2.  Organic farmers use pesticides too, and some like Kocide and rotenone, kill fish as efficiently as the fungicides and insectcides used in conventional agriculture. The difference is that organic farmers manage their soils much more effectively, longer rotations, high organic levels, so they're much, much less risk. So preventing fish kills isn't just as an issue of "going organic", but making sure that pesticides, all pesticides, are kept out of waterways. 

3. People's fear and anger is really directed at potato farming.  I think there was a great opportunity missed in the mid 1990's as the industry expanded to supply the new french fry plants (now plant after Mccain announced it's leaving) that the government and many in the farming community resisted the common sense recommendations coming out of Elmer MacDonald's Roundtable report: the need for proper buffer zones, using organic matter as a measure of sustainable farming practices, restrictions on row cropping on sloping land, proper crop rotations, and so on.  We've waited almost twenty years for some of these to be implemented, and are still waiting on others.

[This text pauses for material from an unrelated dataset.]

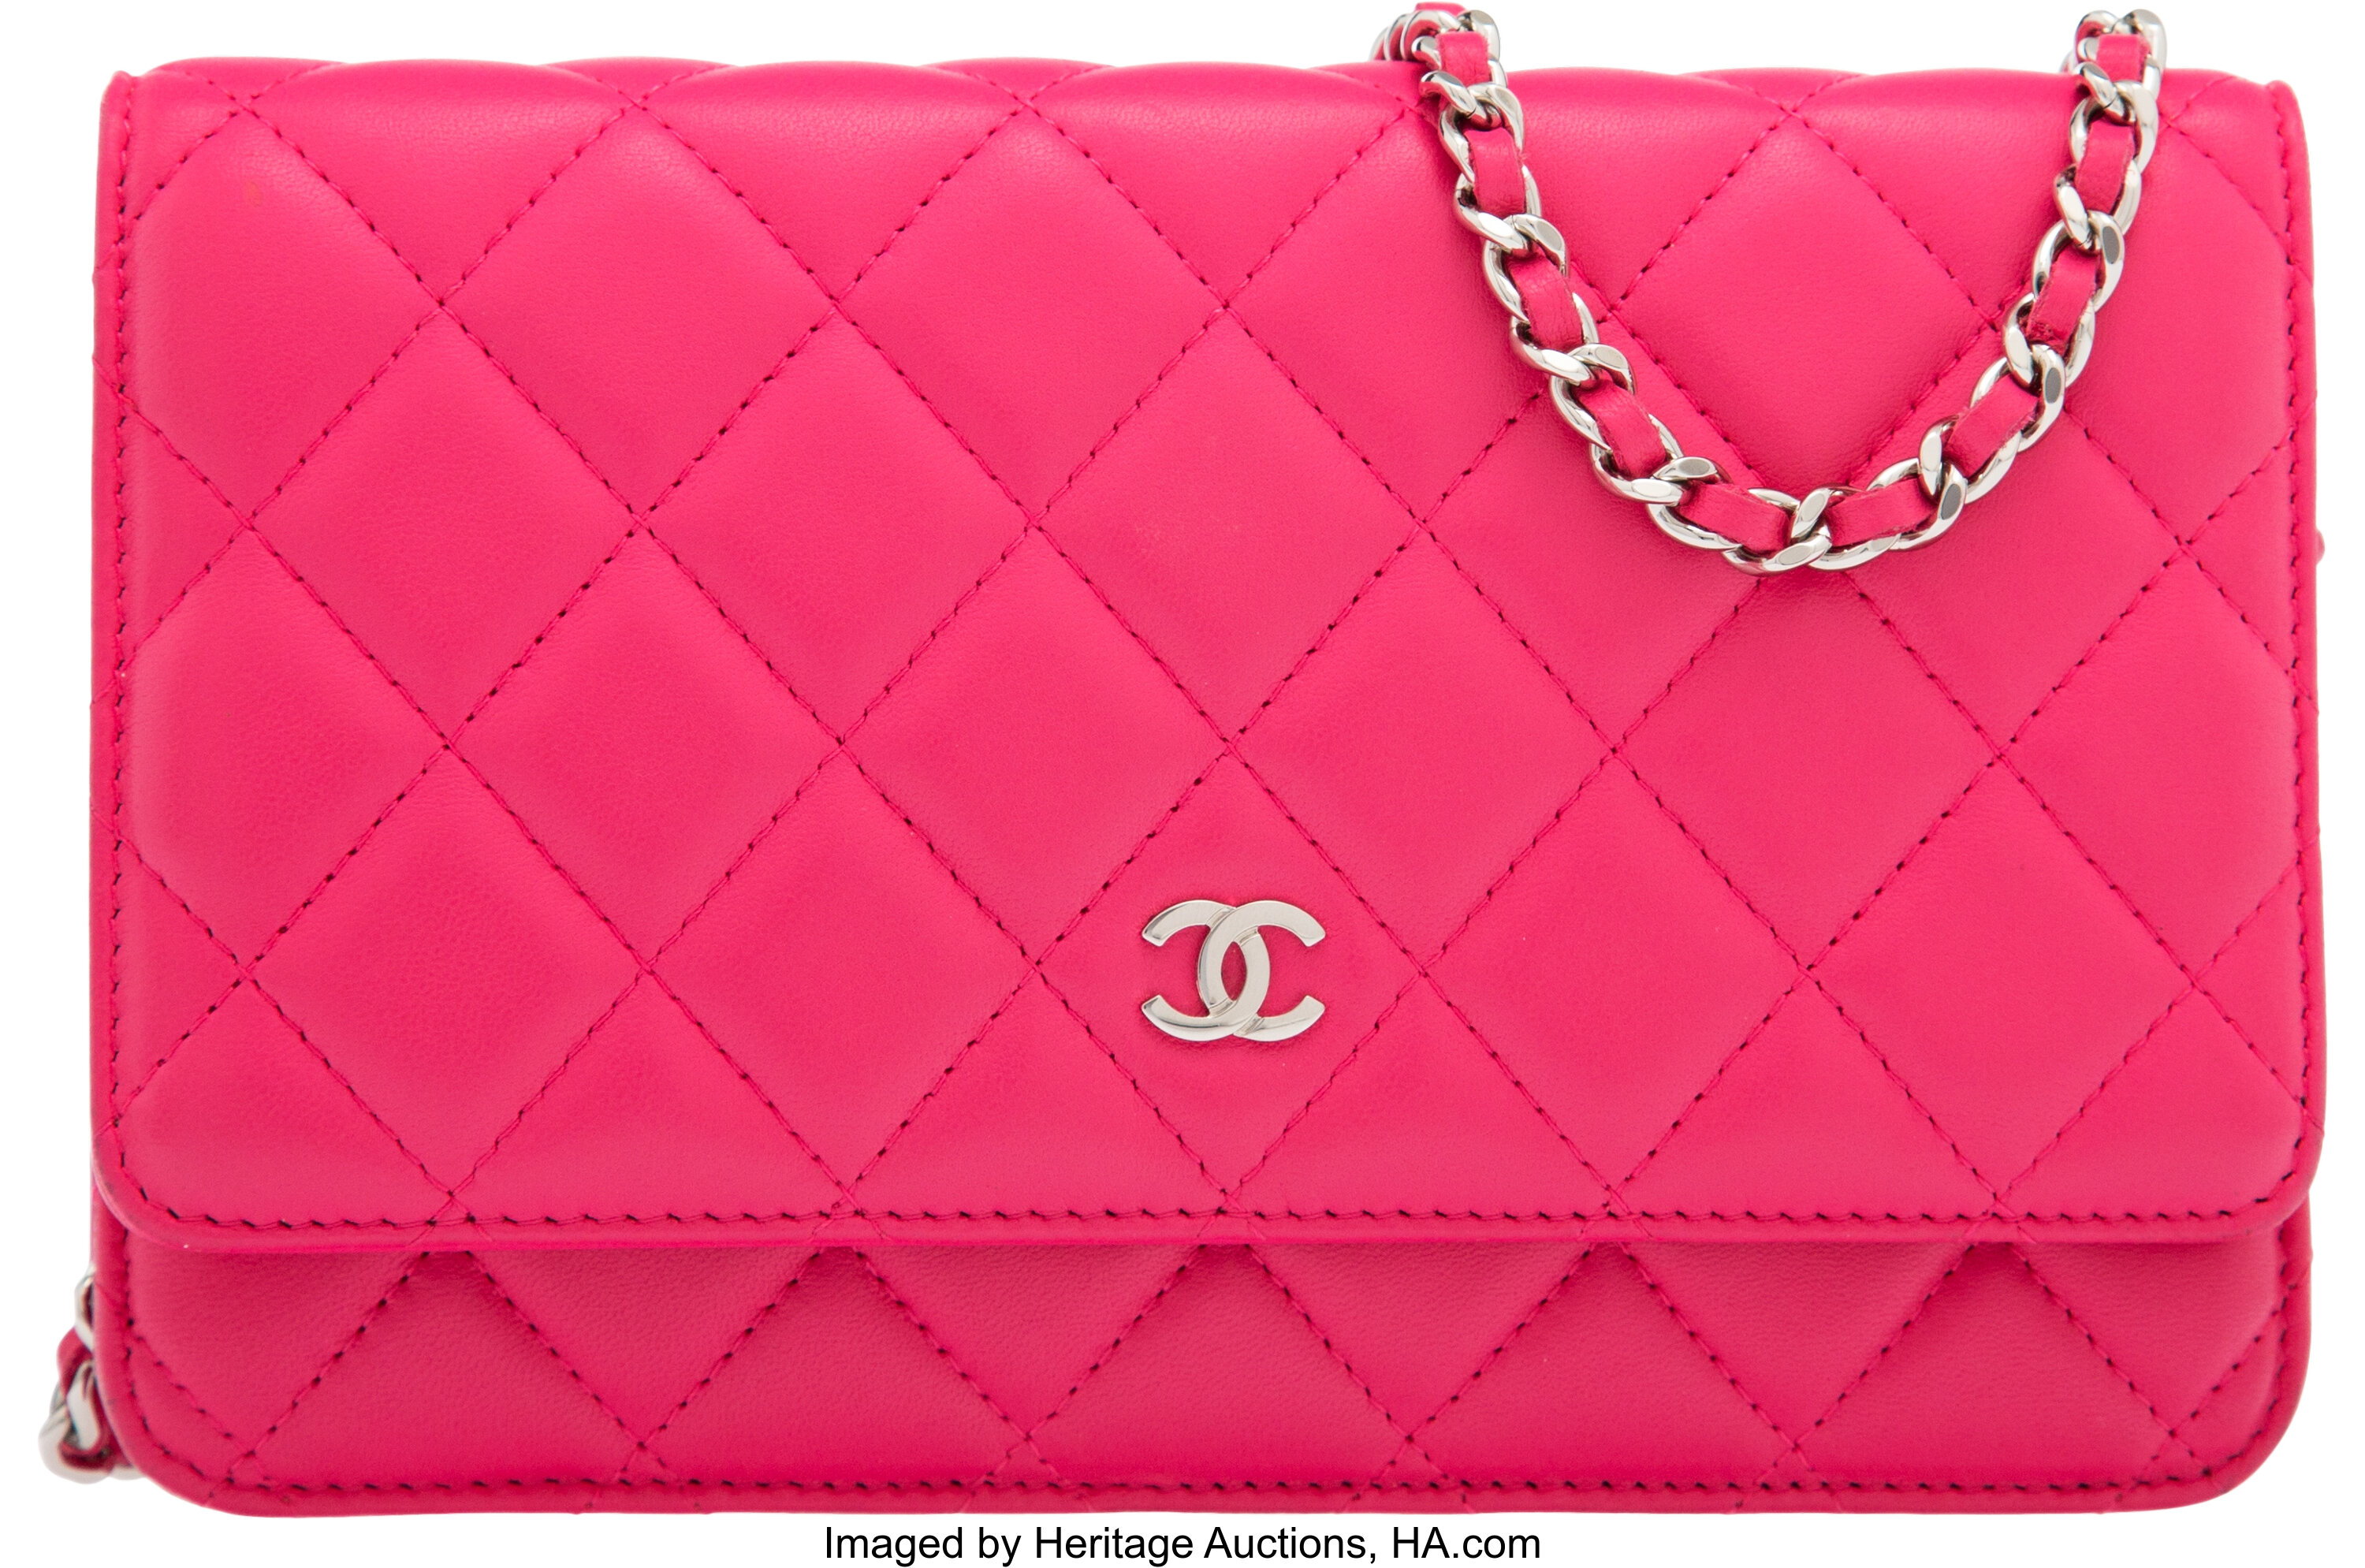 Chanel Hot Pink Quilted Trendy Wallet On Chain Bag in Lambskin Leather with Champagne Gold Hardware

Would it have prevented fish kills, dead zones in rivers, nitrates in wells?  I don't know. I think it would have made these problems occasional, and manageable. Now they're the expected, and that makes it much more difficult for politicians and farm leaders to create confidence that they know what they're doing. That's when joining the "pesticide free" team seems like the only answer.   And for what it's worth, don't forget the dozens of watersheds where fish still thrive even after heavy rains,  and don't be surprised if the cause of the North River fish kill wasn't a potato field but something else. And if that's the case, no that doesn't mean everything is OK.

4. Two of the most condemned pesticides these days are neonicitinoids, and glyphosphate (our old pal Round-up), and for good reason. Here's the but. It's not as if either were introduced into a Garden of Eden that's now been poisoned.   When both were initially introduced they were replacing herbicides and insecticides that were far more damaging to the environment, and people, some of the old World War Two nerve agents, and herbicides like agent orange and paraquat.   The problem with both (and I've written a fair amount on this before)  is how they're used. GMO roundup ready crops have lead to millions of acres of farmland saturated with glyphosphate, and the same issue with the neonics, coating grain and corn seed. It's estimated that more than 80% of the neonics being used every year never get close to a real pest, but hurt beneficials like bees.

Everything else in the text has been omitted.